A Toronto man whose entire family was killed when a Boeing 737 Max 8 jet crashed in Ethiopia earlier this year accused the airplane manufacturer of shameful behaviour and demanded more oversight in the aviation industry.

Speaking before a U.S. congressional panel on Thursday, Paul Njoroge described in heartbreaking detail the toll his wife, three young children, and mother-in-law’s deaths have had on him.

“It never leaves me that my family’s flesh is there in Ethiopia, mixed with the soil, and jet fuel, and pieces of the aircraft,” he said. “I miss them every minute of every day.”

Njoroge explained how he was unable to celebrate Canada Day back home because he is consumed by thoughts of that March 10 crash, which killed all 157 people aboard shortly after takeoff.

“I think about their last six minutes a lot,” he told the panel. “My wife and my mom-in-law knew they were going to die.

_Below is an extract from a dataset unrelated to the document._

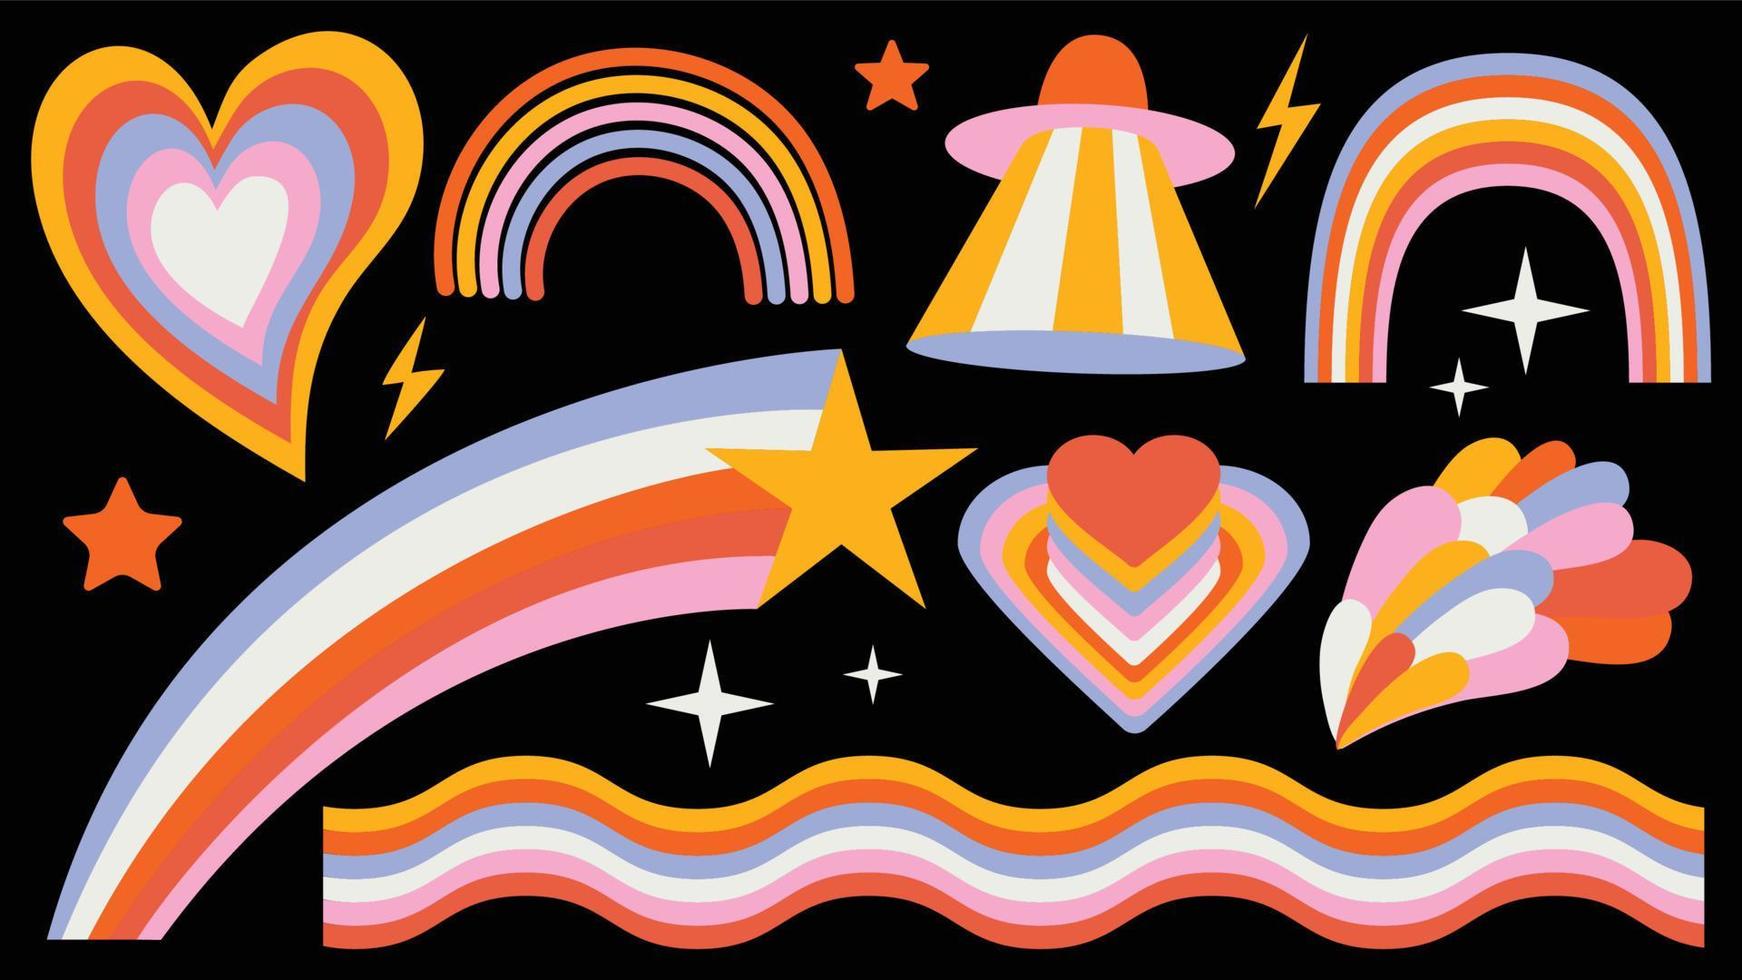 satz von hipster retro coolen regenbogen-psychedelischen elementen. eine Sammlung grooviger, schillernder Cliparts aus den 70er Jahren. abstraktes Design von Cartoon-Aufklebern. Trend-Vektor-Illustration vektor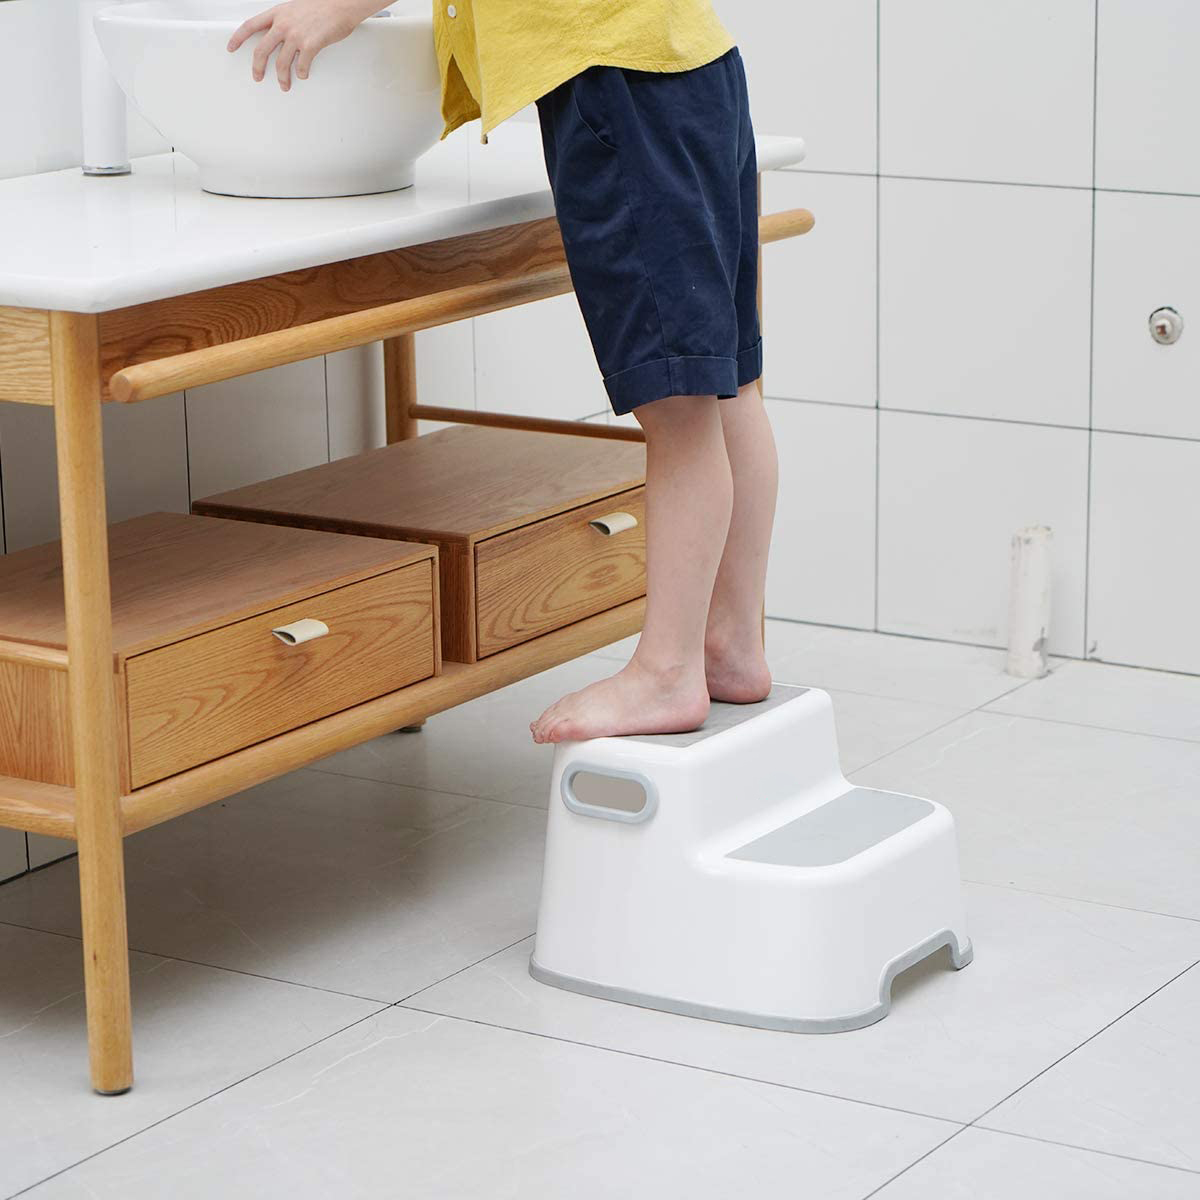 踏み台 子供 大人兼用 子ども 幼児 ステップ ２段 洗面所 手洗い お風呂 トイレ台 滑り止め トイレトレーニング :step01:ヘルツ - 通販  - Yahoo!ショッピング

They had to somehow comfort the children during those final moments knowing they were all their last. I wish I was there with them.”

He went on to criticize Boeing’s explanation that “foreign pilot error” was to blame for the Ethiopian tragedy and a prior one involving a Boeing 737 Max plane in Indonesia in October 2018 that killed 189 people.

“This distracted from correcting the root causes of the crashes and it’s an insult to humanity,” he said.

Njoroge said the families demand the Boeing 737 Max jets, which have been grounded worldwide since the second crash, be re-certified as a new plane. He also said the families would like pilots to undergo simulator training for the jet’s flight control software, instead of the computer training Boeing has suggested.

In an interview with CTV News Channel following his testimony, Njoroge said he believes there were “weaknesses” in the internal oversight processes that led to the Boeing 737 Max aircrafts’ design flaws.

“You wonder why that plane was certified to fly,” he said from Washington on Thursday.

He said the U.S. Federal Aviation Administration (FAA) should be led by safety engineers and Congress should increase the regulatory body’s budget so that it can overhaul its aviation safety system.

On a personal level, Njoroge said he’d like to see Boeing’s CEO and executive team resign from their positions and take responsibility for the deaths of his family and the 341 other people in those two crashes.

Following the Ethiopia crash, Boeing’s leadership team publicly apologized to the families of the victims of both tragedies. Njoroge, however, said he has yet to receive a personal apology from anyone at Boeing.

“For them, it’s for commercial reasons. They issued that apology for commercial reasons,” he said. “They’ve not done it and I don’t think they feel compelled to do it. They don’t have concerns for the families of the victims.”

The day before Njoroge testified, Boeing announced it had set aside US$50 million to give directly to the victims’ families as compensation for the loss of their loved ones.

As difficult as it was to share his grief in front of a congressional panel, Njoroge said he felt compelled to do it.

“It was very difficult for me, but it’s very important for all of the families of the victims,” he explained. “This is what my wife would want me to do so I had to do it for her.”